From Multi-Switchable Self-Assemblies towards Surface Coordination Chemistry: An STM Investigation of Bipyridine-Terminated Ditopic Ligands

Abstract

A series of ligands, where ditopic bipyridines are connected by a variable central bridge (bpy-X-bpy), have been investigated by high-resolution scanning tunneling microscopy (STM). The bipyridines which are essential units to form different hydrogen bonds or to coordinate with transition metal ions at the solid/liquid interface. Their interactions have been observed to allow bpy-X-bpy molecules to self-assemble on HOPG. The bridges, varying between the fluorene and the biEDOT, provide redox-active or fluorescent functionalities also modify the intermolecular interactions with the self-assemblies.

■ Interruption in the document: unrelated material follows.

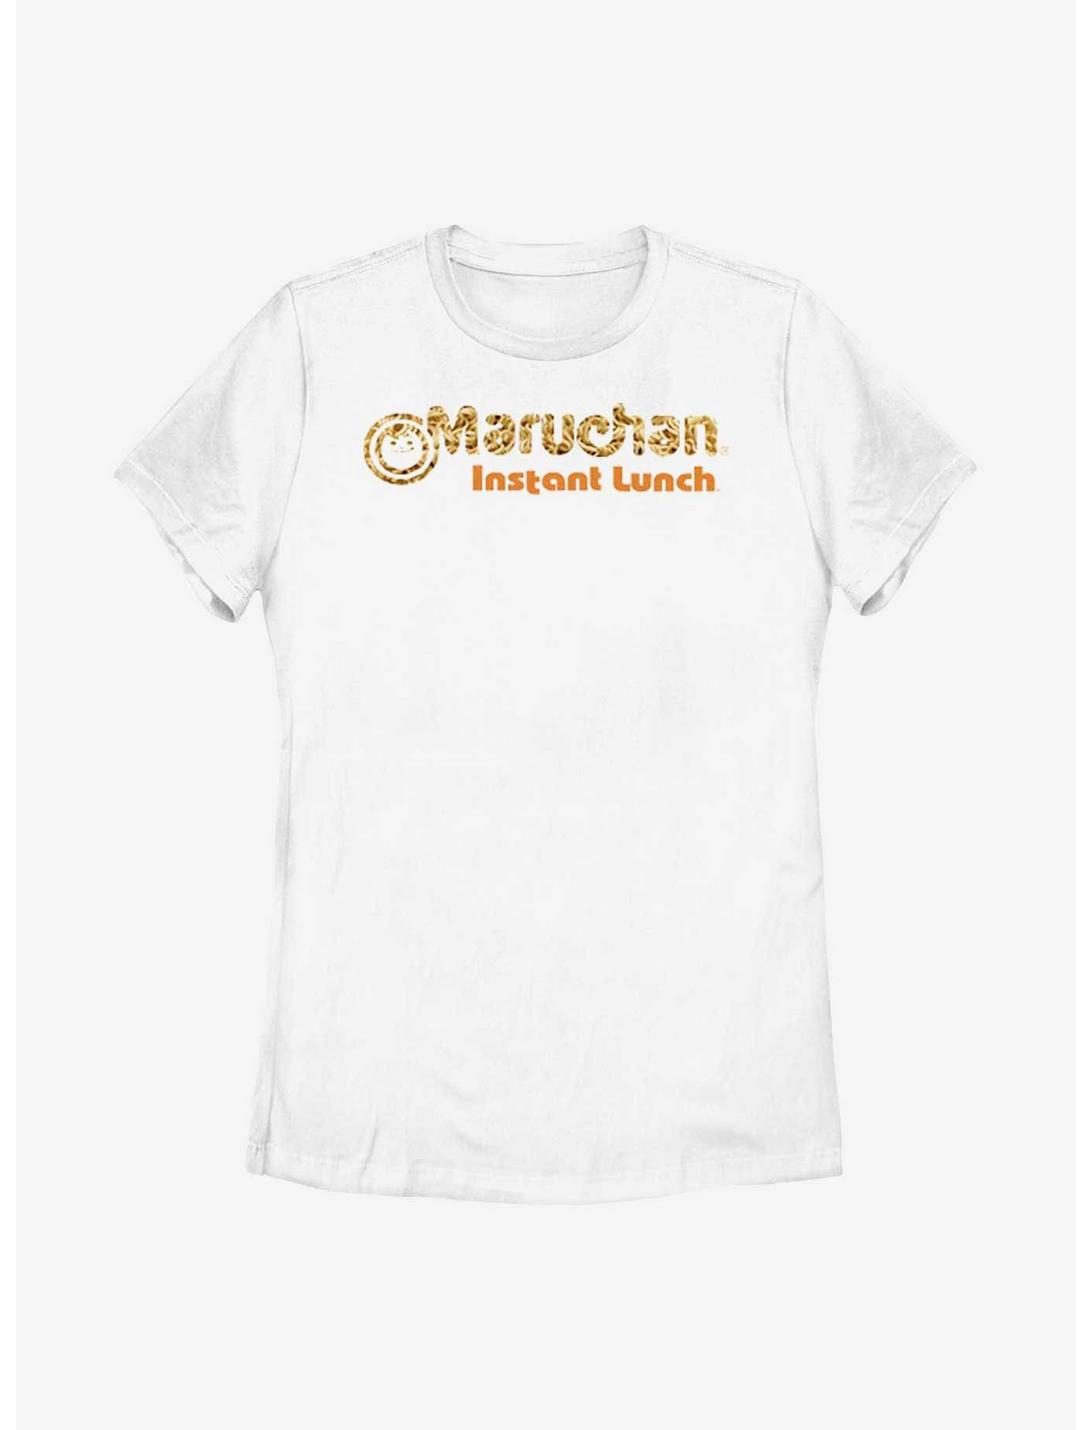 Maruchan Noodles Womens T-Shirt, WHITE, hi-res

Consequently, supramolecular structural transitions or metal-molecule coordination are evidenced under STM: (i) Protonation induces a molecular cis- to trans-like isomerization where the bpy-X-bpy molecule changes from “U” to a “S” shape under STM ii) The molecular isomerization switches the nanoscale supramolecular organization on surface; (iii) Co(II) cations are controlled to react with the bipyridines where on-surface coordination complexes are obtained showing different coordination configuration; (iv) The different central bridge induces different self-organized structures on the surface due to the variable intermolecular central bridges interactions. Our work shows that the bpy-X-bpy is a multi-functional model system combining versatile molecular isomerization, structural phase transitions and metal-molecule coordination properties which have thus been systemically revealed by means of high-resolution STM.